* Data excerpt:
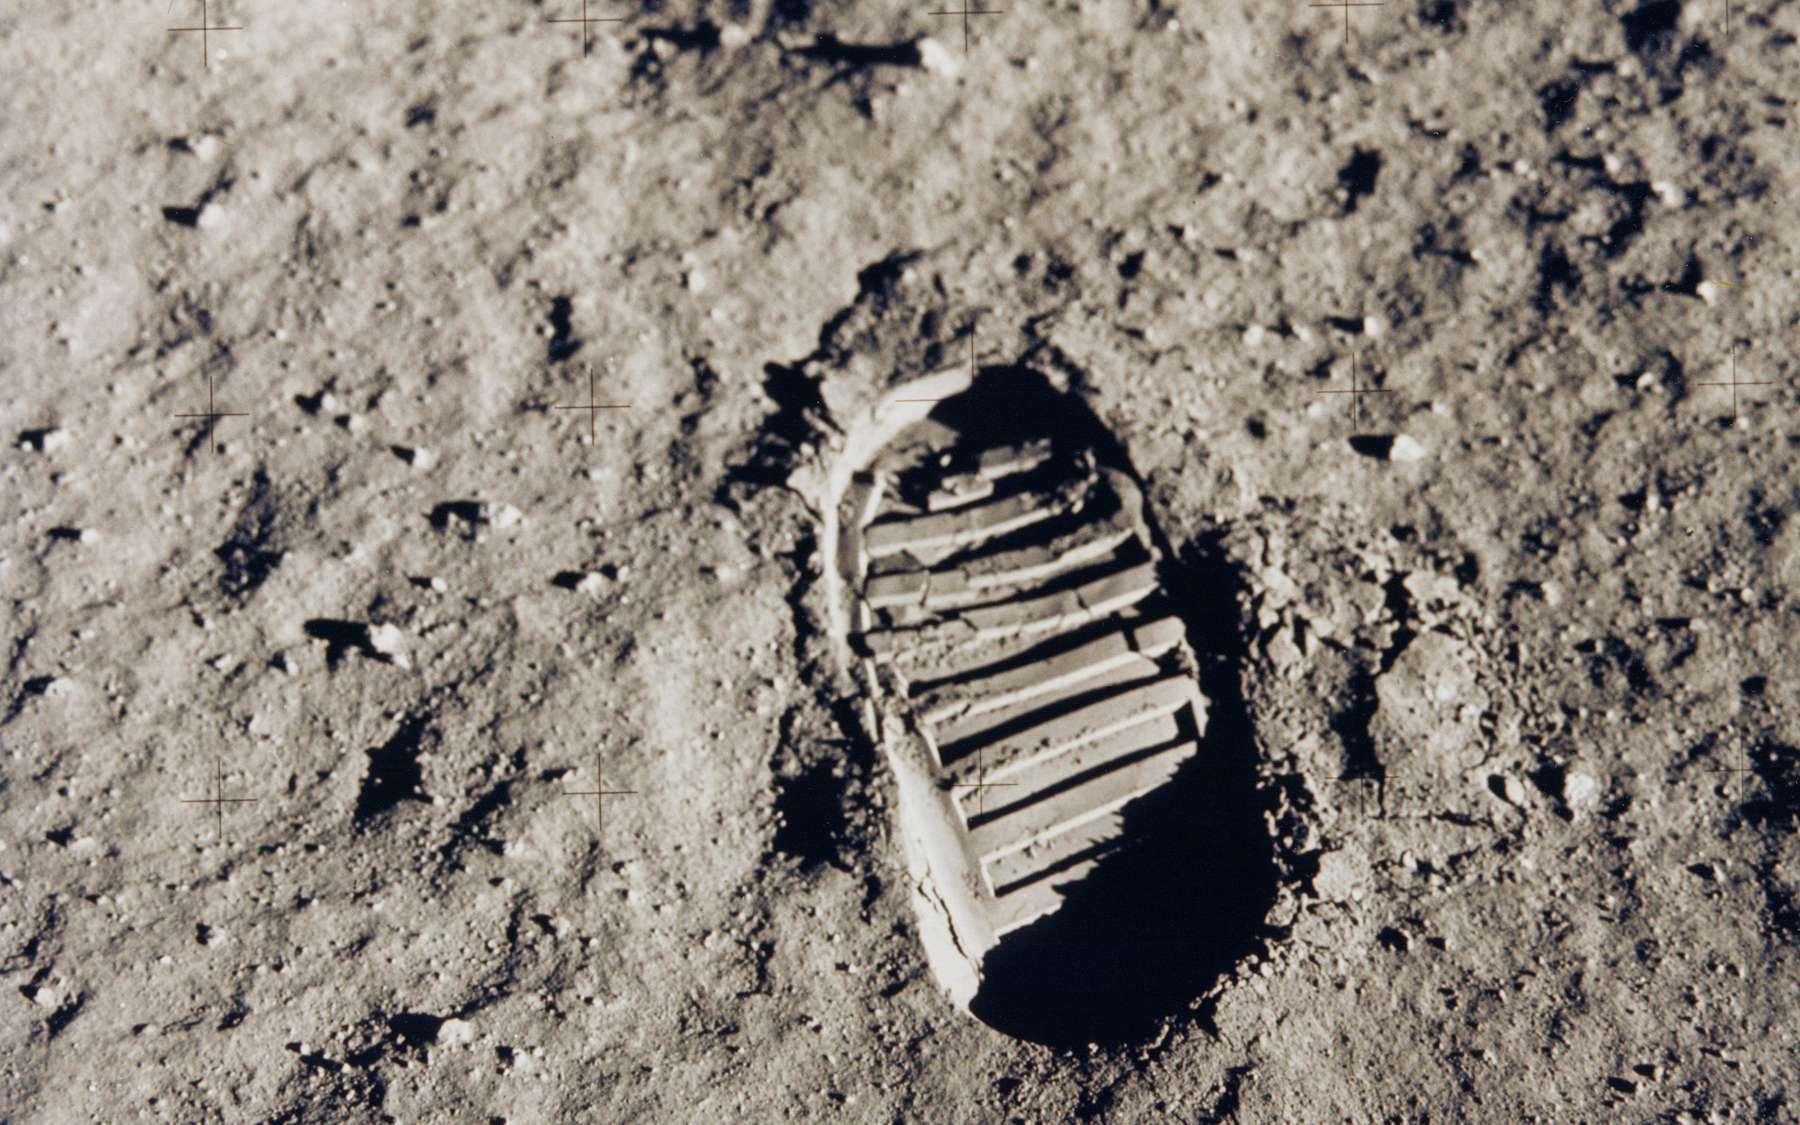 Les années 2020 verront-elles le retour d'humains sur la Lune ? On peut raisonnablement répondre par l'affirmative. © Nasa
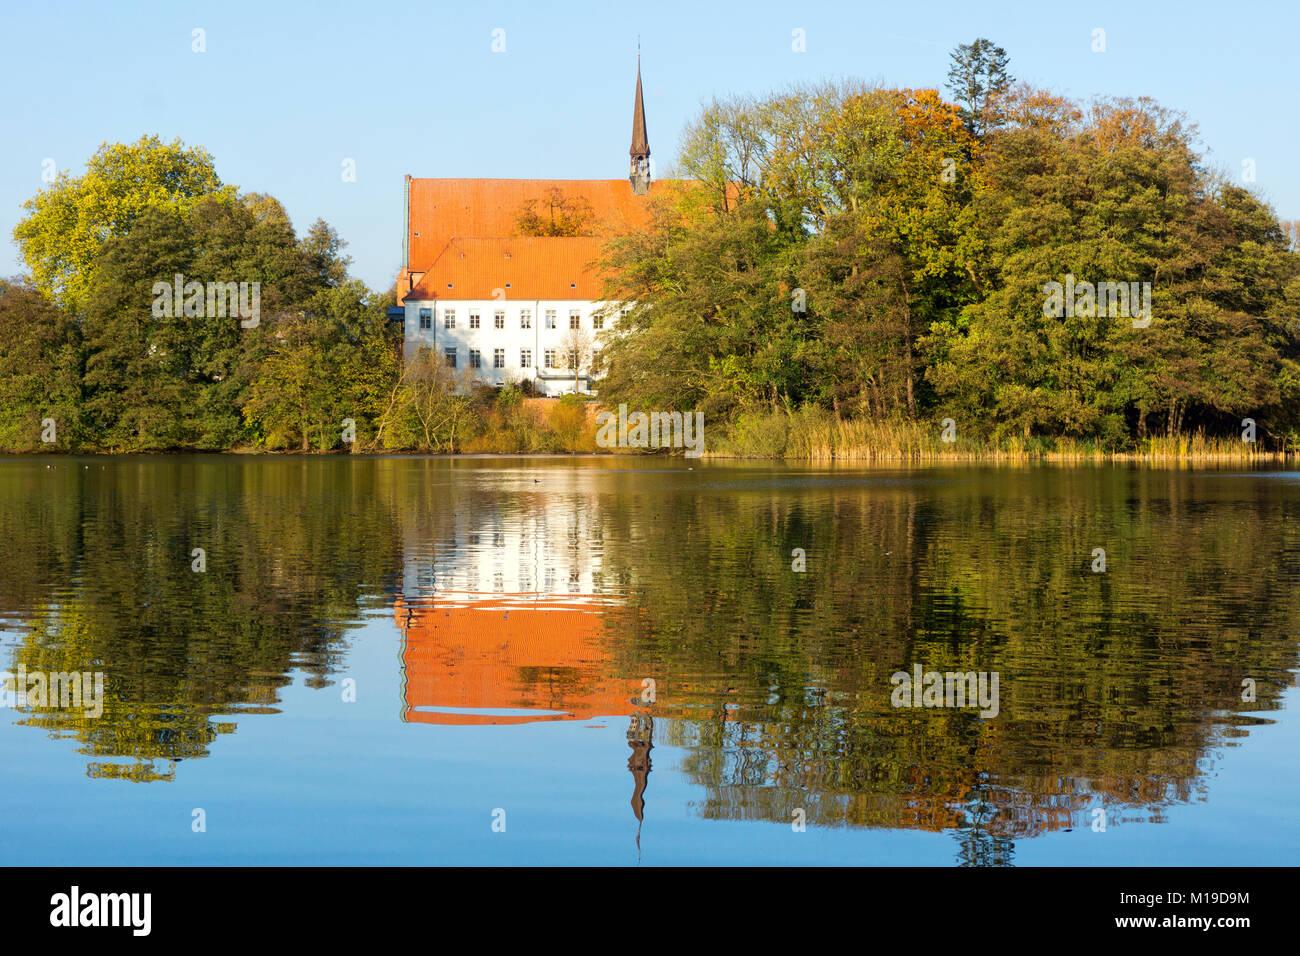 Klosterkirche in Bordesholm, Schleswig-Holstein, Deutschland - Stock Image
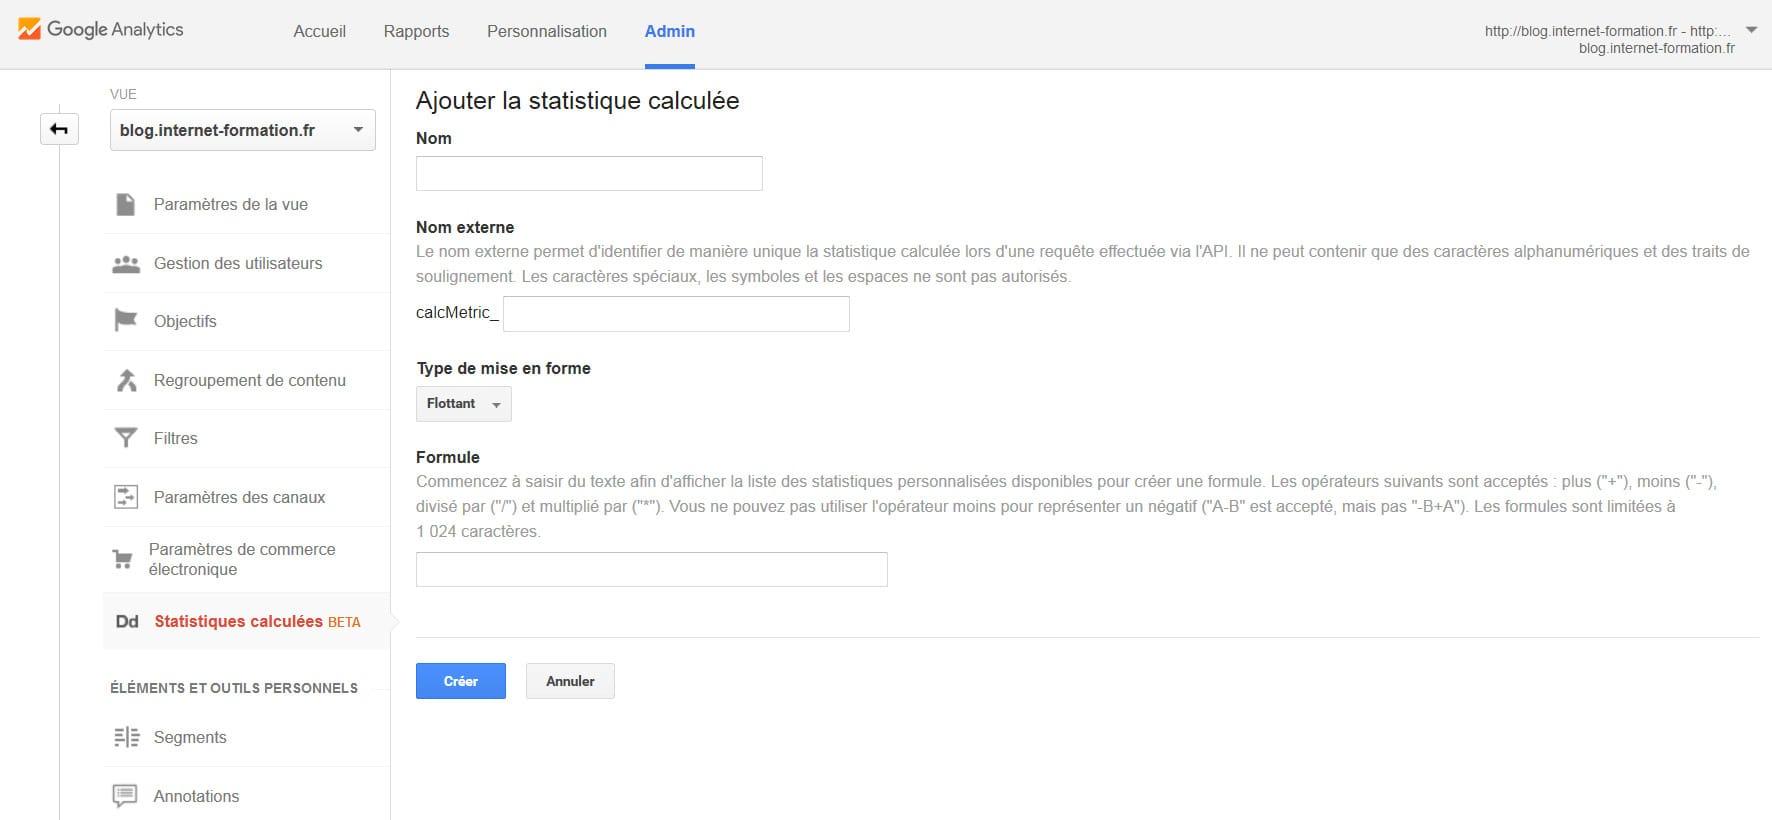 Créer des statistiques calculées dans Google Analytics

* Task brief:
Only the pictures are to be dropped; the rest of the material above must be duplicated exactly.

* Reply:
 Les années 2020 verront-elles le retour d'humains sur la Lune ? On peut raisonnablement répondre par l'affirmative. © Nasa
 Klosterkirche in Bordesholm, Schleswig-Holstein, Deutschland - Stock Image
 Créer des statistiques calculées dans Google Analytics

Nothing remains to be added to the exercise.